Last year, Directing Nun had a big idea for the Adoration part. She decided the shepherds and kings and Drummer Boy (girl), etc., ought to go on a long march to the Baby Jesus and not merely sweep in from offstage in the usual scrummage, making it so obvious how we are all just waiting to do this, huddled in the wings ready to sweep in all at once and do some adoring. It’s not realistic, she said. I don’t think realism is a big issue for nuns. I think Directing Nun wanted more of a party scene last year, that’s all, like a Trooping of the Colour parade involving a long march, drum rolls and singing and gifts at the end.
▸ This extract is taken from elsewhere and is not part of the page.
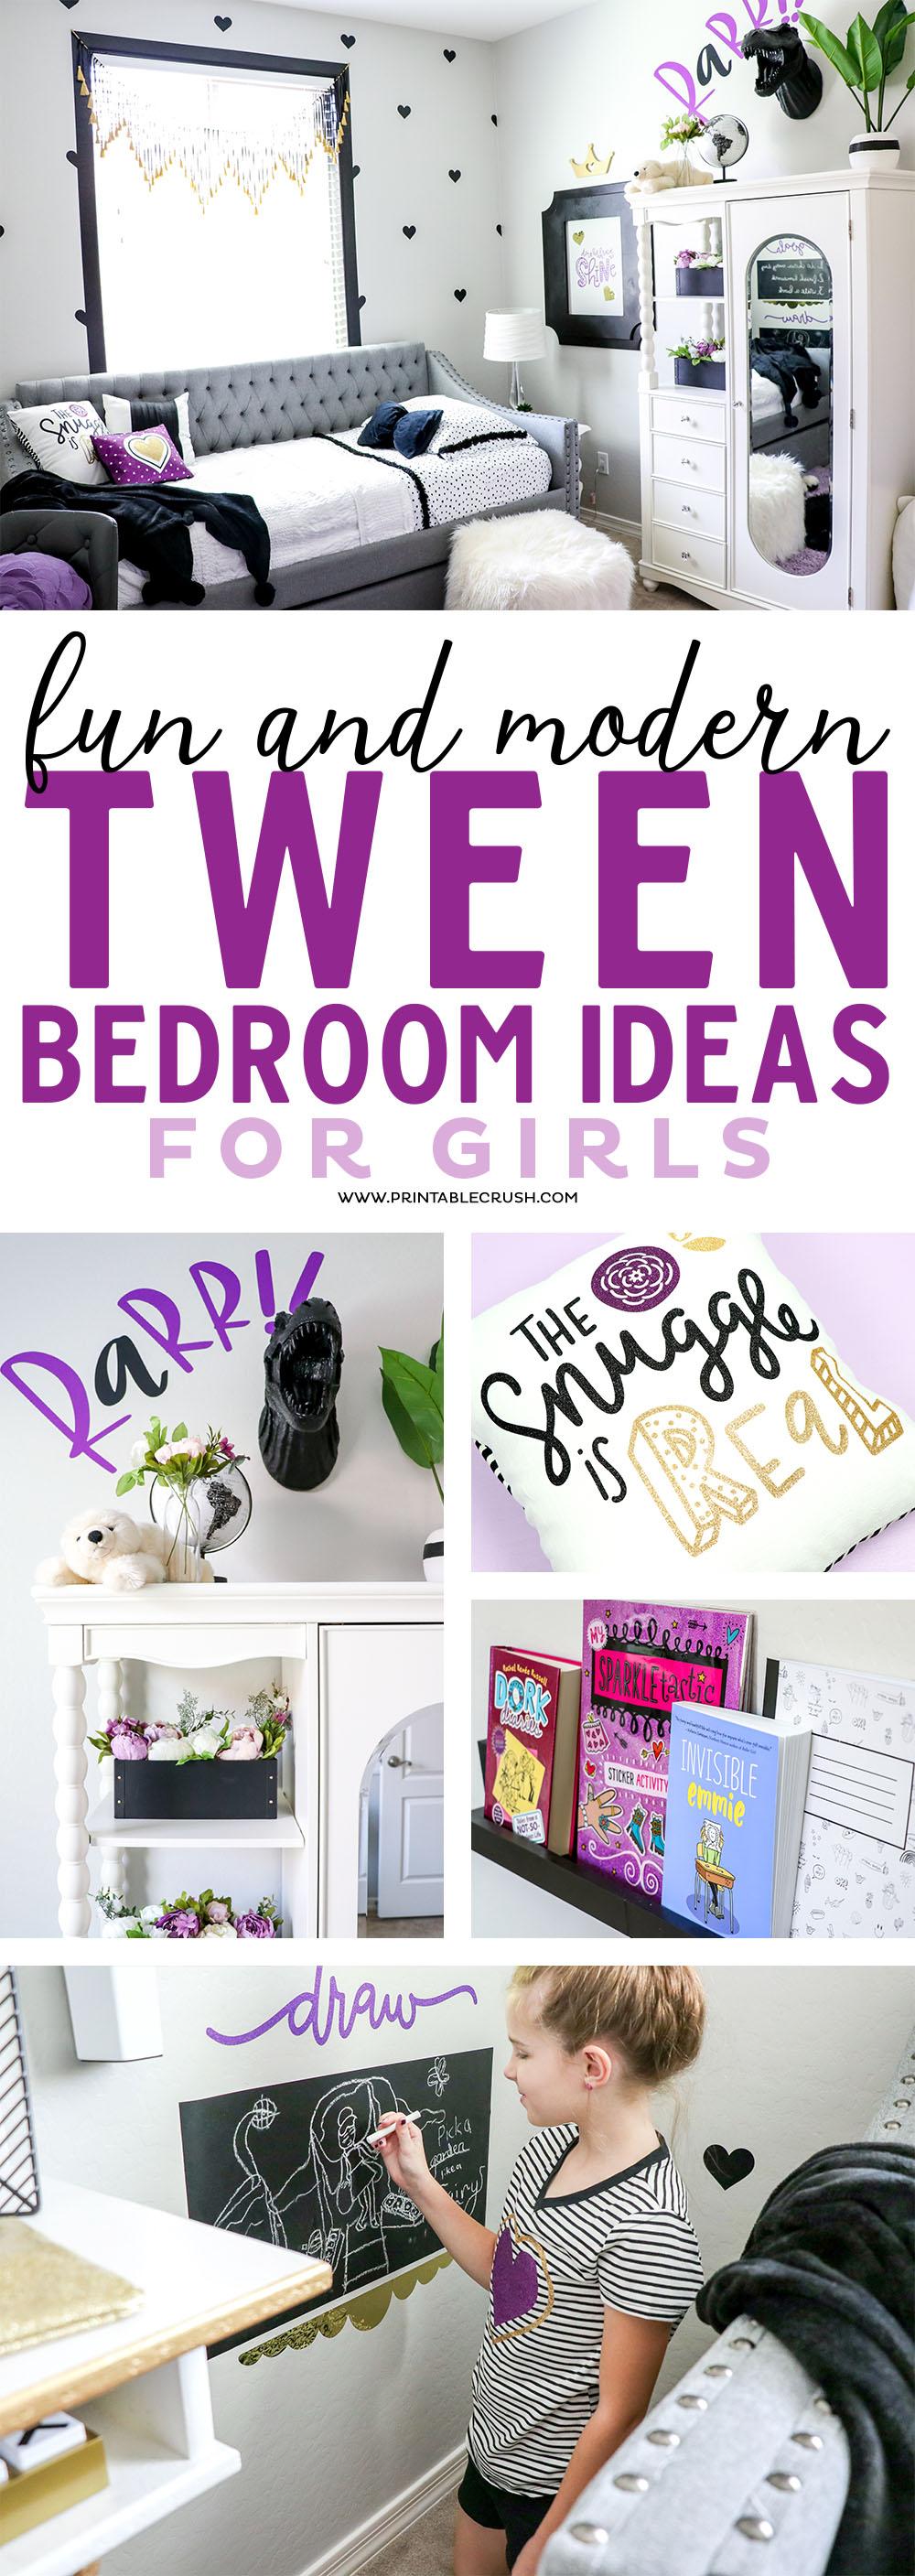 You will LOVE this modern Tween Girls Room design! Plenty of decor ideas to decorate your own creative space. #tweenbedroom #tweenroomsideas #tweenroom #kidroomideas #homedecor via @printablecrush

Directing Nun decided we must go down the stairs on the offstage side that leads to outdoors, putting on outdoor shoes first, of course, as we are all in olden times bare feet or sandals and also because nuns are very keen on the right shoes in the right places no matter what kind of emergency situation a girl is in. Girls have three types of shoes. 1) Outdoor shoes: dark brown / lace-ups. I choose Clarks Commandos for type 1 due to the word commando. 2) Indoor shoes: dark brown / buckles. Most girls have the kind I have, with buckles and little holes over the toes part like on a cheese grater, and soft soles so as not to scuff up the stone floors or old wooden floors of our convent. In my view, you would need ice skates to scuff up convent floors, but you cannot say this to nuns. 3) Plimsolls. This is a nun word for gym shoes: black canvas / lace-ups or slip-ons. I choose slip-ons for variety and for the funny feel of stretchy elastic in a tongue shape where laces or buckles usually go. I slip them on and off, on and off. These shoes are like gloves for feet.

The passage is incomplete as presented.